Getting back to the question… Why can’t we just do:
SELECT NCHAR(0x12345);
? It all depends on collation. The first several versions of collations operate from a UCS-2 perspective where there are no supplementary characters or surrogate pairs. Thankfully, collations were added in SQL Server 2012 that support supplementary characters, and their names end with “_SC
” (“SC” for Supplementary Characters”, if that was not obvious). More collations were added in SQL Server 2017, and all of them except for the binary collations support supplementary characters. But their names don’t end in “_SC
” as it is no longer a separate option that needs to be selected; starting with these newest collations, support for supplementary characters is assumed. Now you just look for “_140_
” in the name (again, excluding the binary collations).

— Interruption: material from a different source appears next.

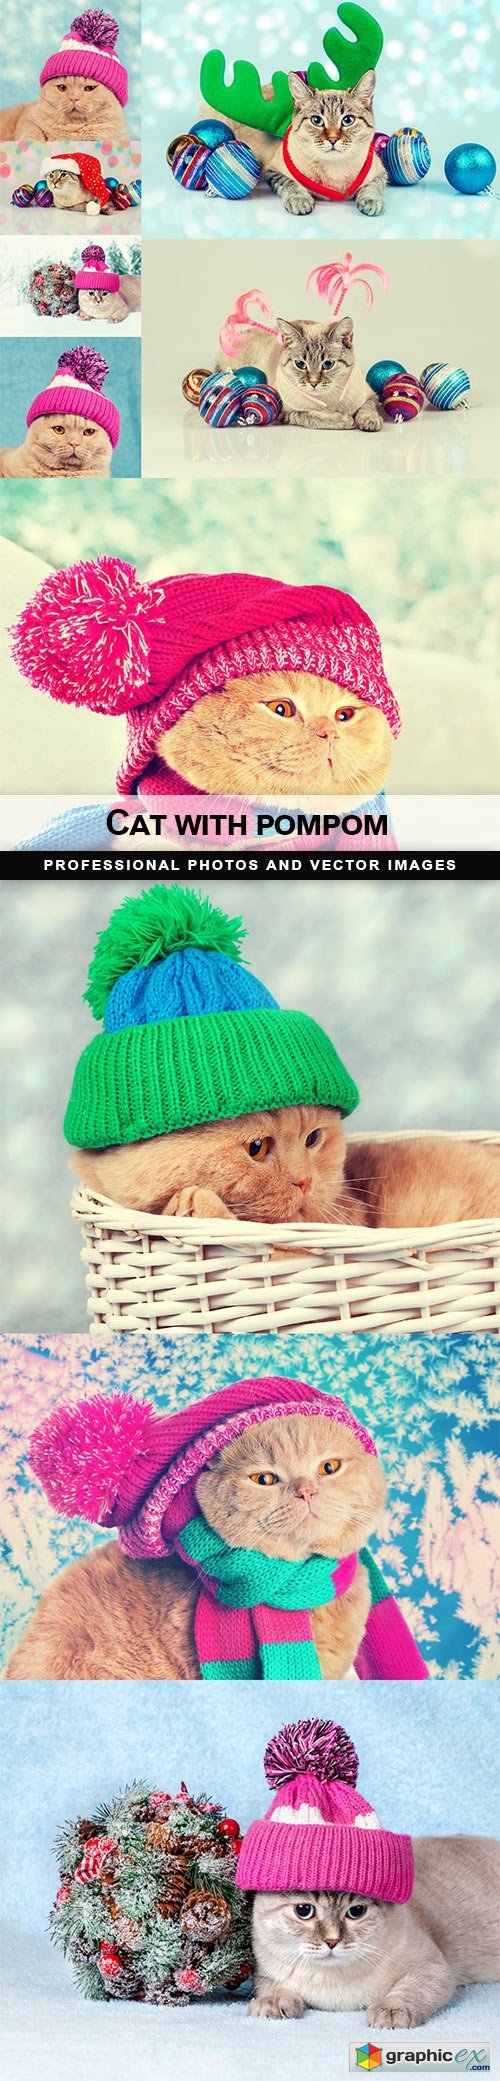 Cat with pompom

Problem solved? Not quite. For most of the built-in string functions you can use the COLLATE
clause to force a supplementary character-aware collation:
DECLARE @Thingy NVARCHAR(10) = N'??'; SELECT @Thingy AS [U+12151], LEN(@Thingy COLLATE Latin1_General_100_CI_AS) AS [Latin1_non-SC], LEN(@Thingy COLLATE Latin1_General_100_CI_AS_SC) AS [Latin1_SC], LEN(@Thingy COLLATE Japanese_XJIS_140_CI_AS) AS [140_non-binary], LEN(@Thingy COLLATE Japanese_XJIS_140_BIN2) AS [140_binary]; /* U+12151 Latin1_non-SC Latin1_SC 140_non-binary 140_binary ?? 2 1 1 2 */
As you can see in the output shown above, the supplementary character-aware collations return a length of 1, while the other collations return a length of 2 because they are only able to see the surrogate pair as two separate code points. The character itself is stored correctly and displays correctly regardless of the collation.
But, you can only attach the COLLATE
clause to strings, and you don’t pass a string into the NCHAR()
function. So, the only way to get the NCHAR()
function to create a supplementary character is to execute it in a database that has a supplementary character-aware default collation. Well, that’s not always possible.
Fortunately there is another way to do this. Since supplementary characters are made up of surrogate pairs, we can just create the two surrogate code points. Or, we can just convert the UTF-16LE byte sequence into NVARCHAR
. For example:
SELECT NCHAR(0xD808) + NCHAR(0xDD51) AS [SurrogatePair], CONVERT(NVARCHAR(10), 0x08D851DD) AS [UTF-16LE_bytes]; /* SurrogatePair UTF-16LE_bytes ?? ?? */
Since neither of those methods requires a supplementary character-aware collation, both can be used on versions of SQL Server prior to 2012!!
Well, we solved one problem but immediately ran into another: how to find either the surrogate pair or the UTF-16LE byte sequence for any given supplementary character?
Solutions: Old and New
I used to go to the Emoticons (Emoji) 1F600—1F64F page of unicode-table.com to copy and paste characters, code points, or check the encoding chart at the bottom of each character page (the “hex” column of both “UTF-16BE” and “UTF-16LE” rows have proven most useful).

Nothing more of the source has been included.